*DATA*.
━━━━━━━━━━━━━━━━

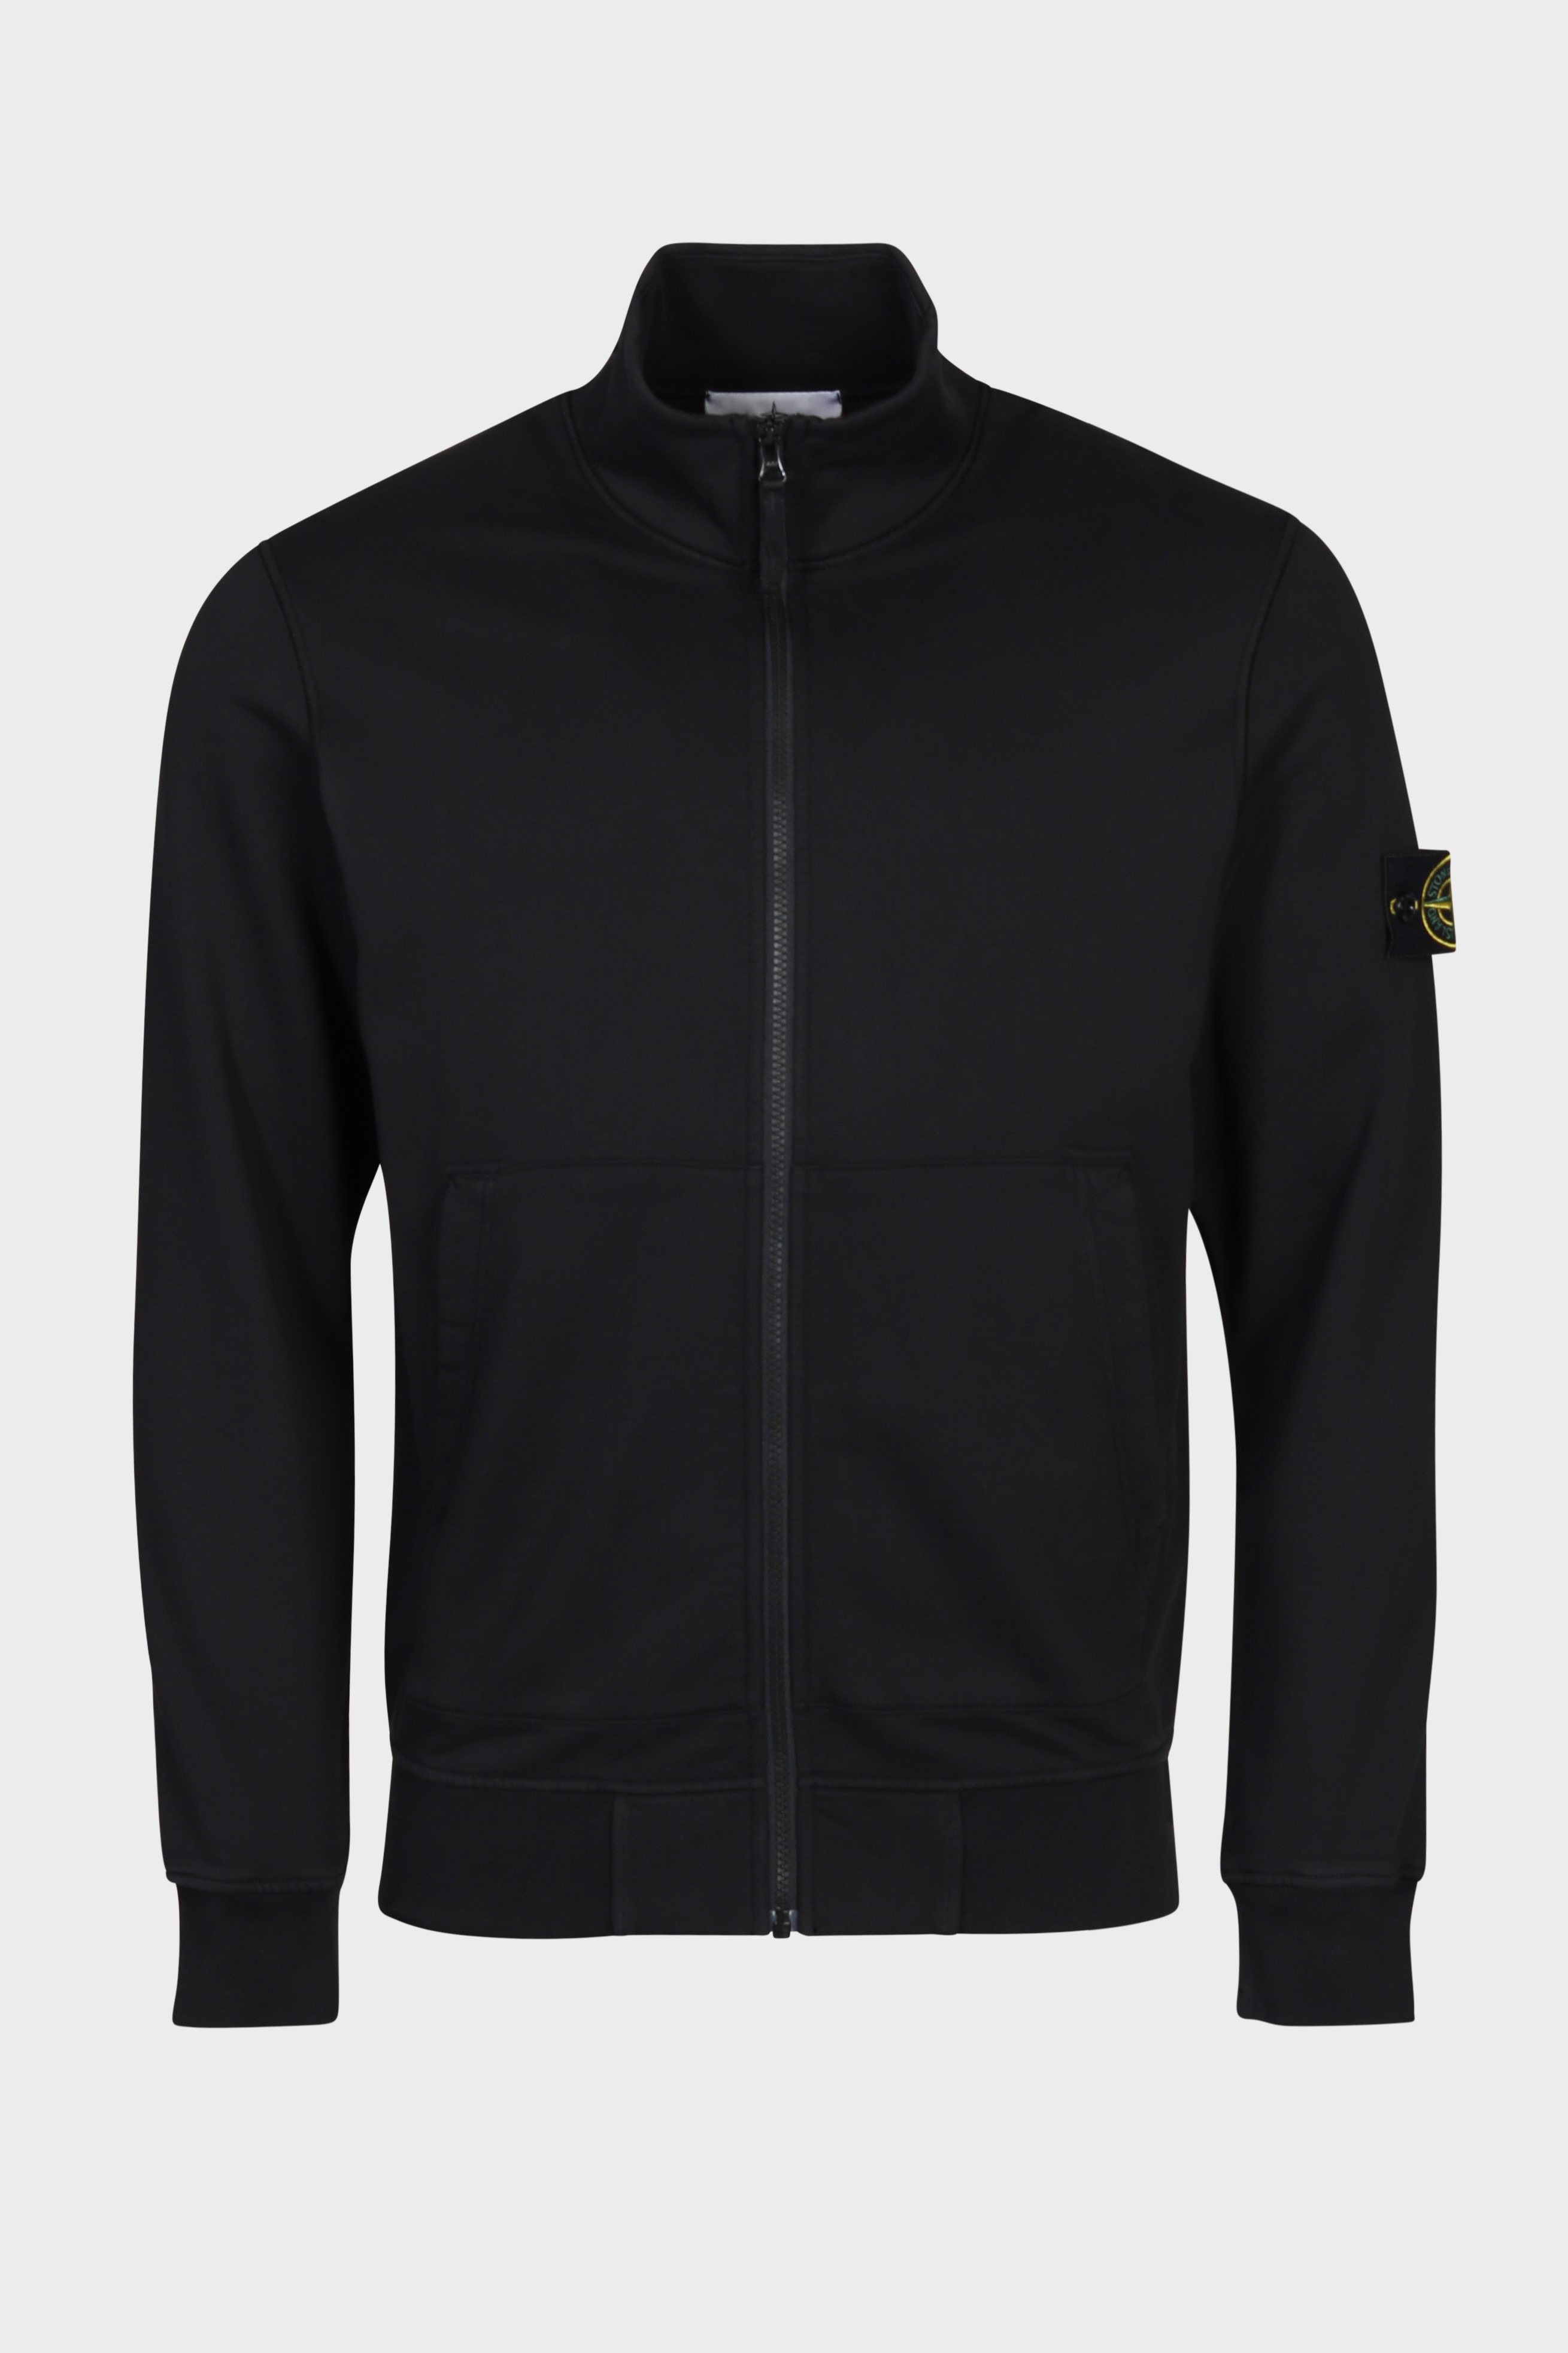 STONE ISLAND Zip Sweatshirt in Black 3XL
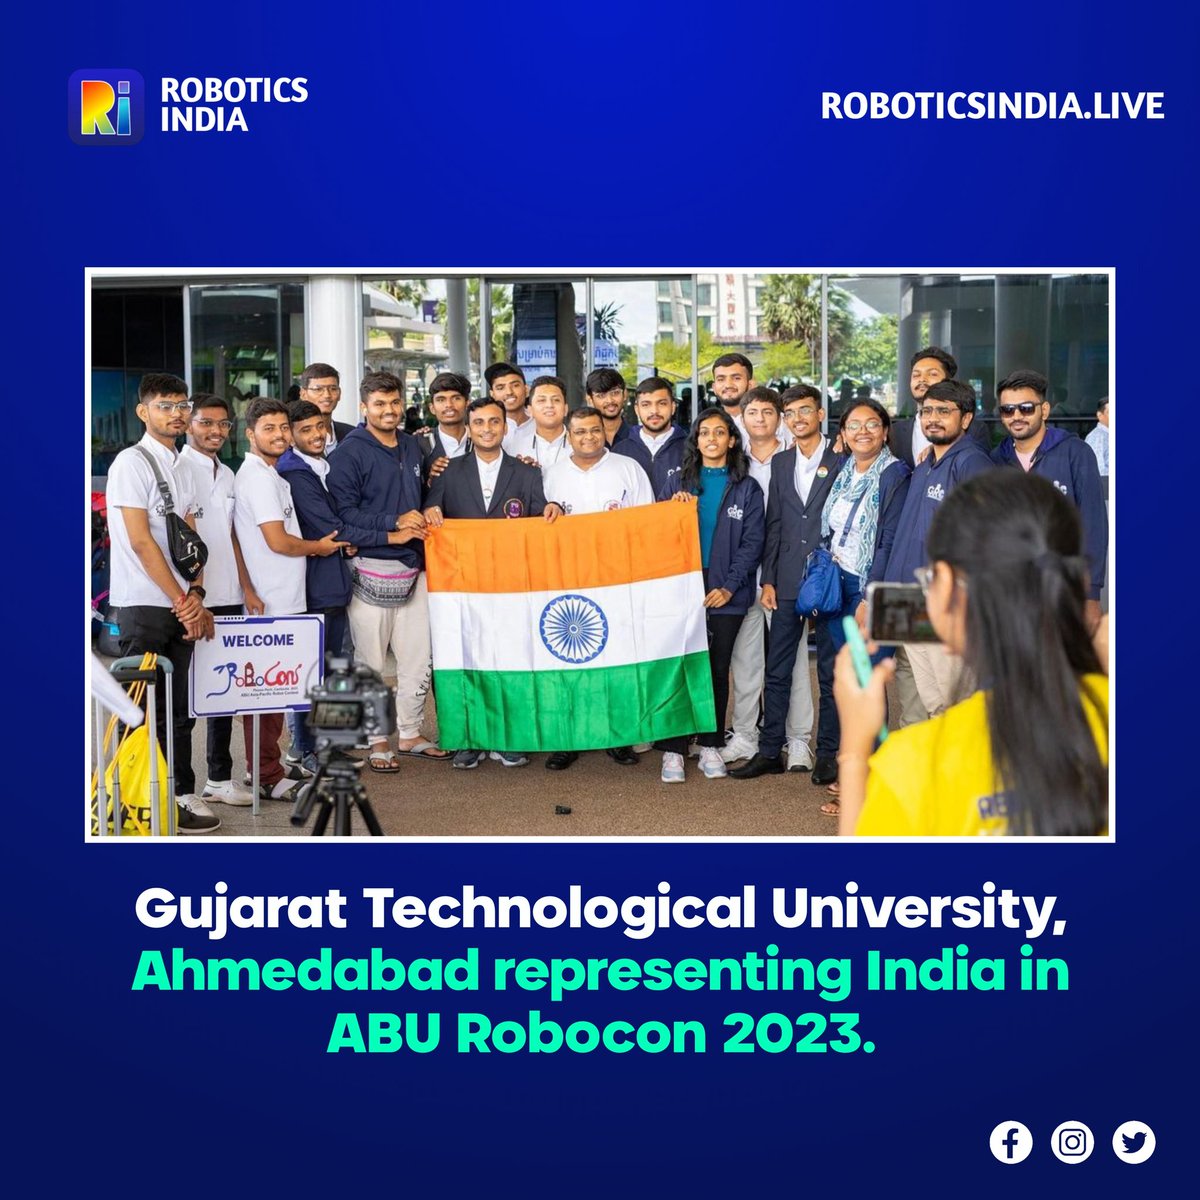 Best wishes to Team India 🇮🇳 for Robocon 2023! 

#TeamIndia #aburobocon2023  #Innovation #roboticschallenge #roboticscompetition #technews #robotech #roboticsengineering #roboticsengineer #roboticsclub #roboticsforkids #roboticsindia
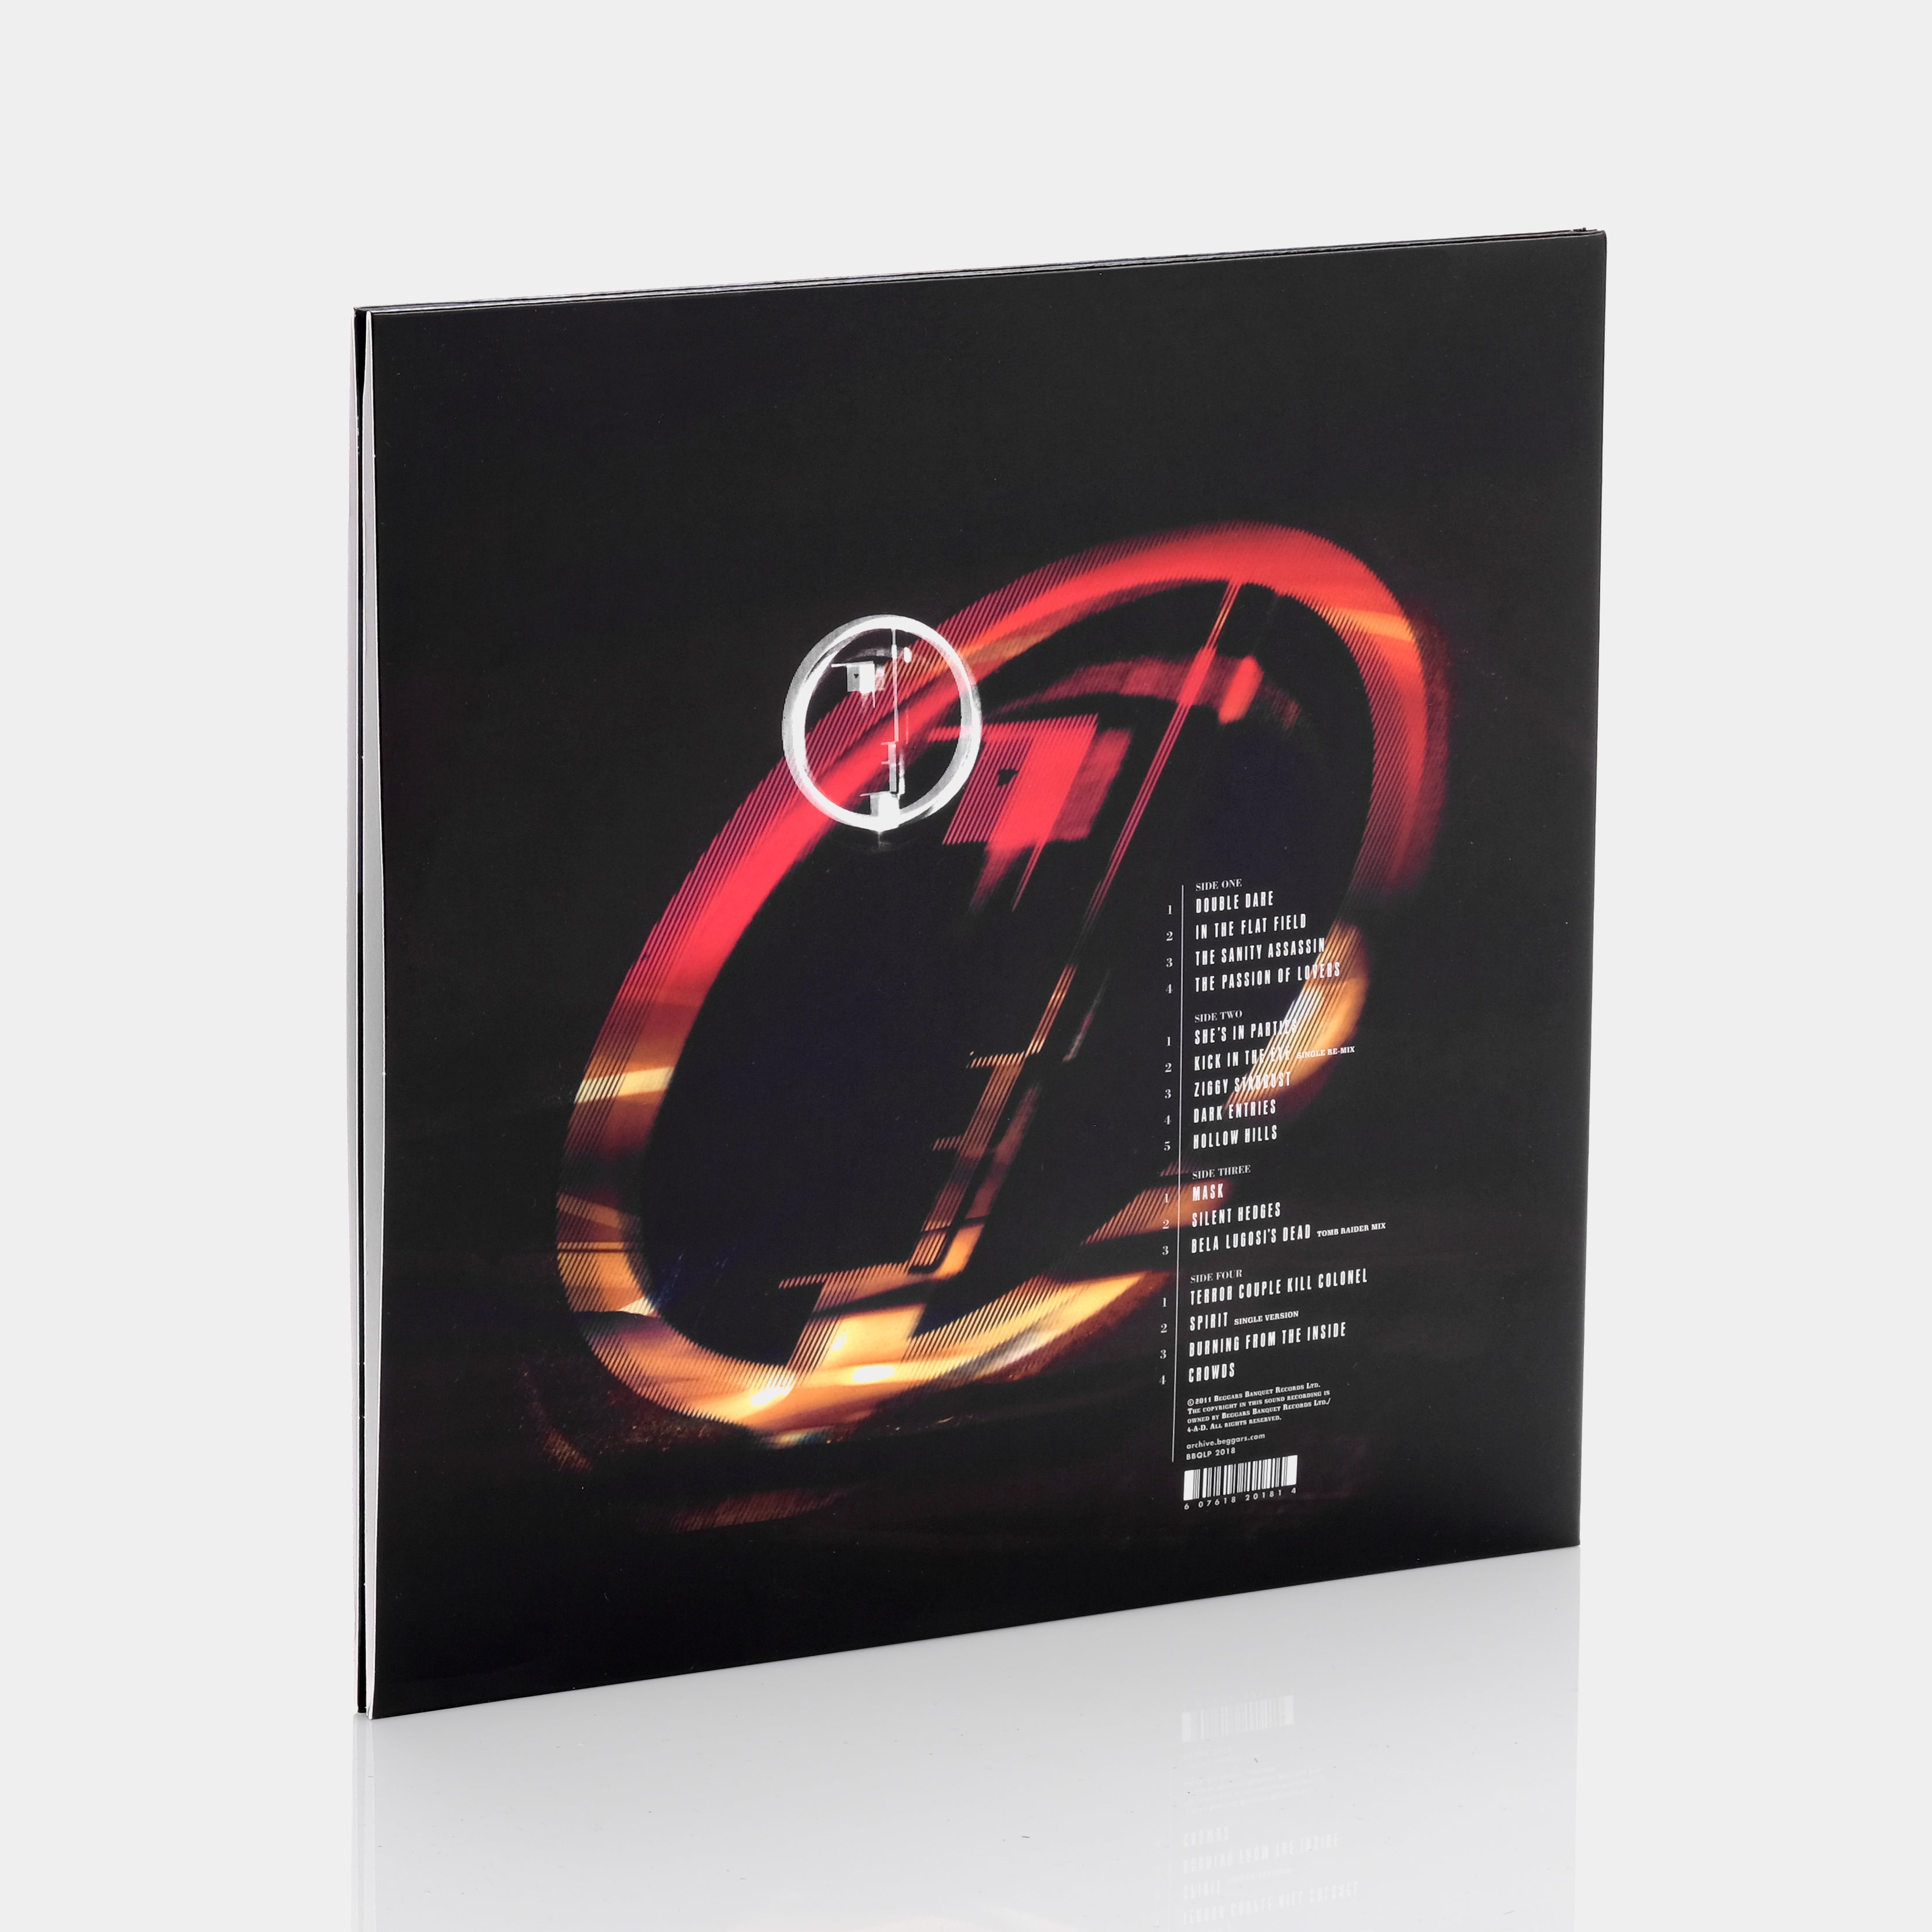 Bauhaus - Best Of Bauhaus | Crackle 2xLP Vinyl Record

━━━━━━━━━━━━━━━━

*DIRECTIONS*.
Wherever the listing shows a picture, omit it and output the rest exactly as given.

*ANSWER FOR THE TASK*.
 STONE ISLAND Zip Sweatshirt in Black 3XL
 Best wishes to Team India 🇮🇳 for Robocon 2023! 

#TeamIndia #aburobocon2023  #Innovation #roboticschallenge #roboticscompetition #technews #robotech #roboticsengineering #roboticsengineer #roboticsclub #roboticsforkids #roboticsindia
 Bauhaus - Best Of Bauhaus | Crackle 2xLP Vinyl Record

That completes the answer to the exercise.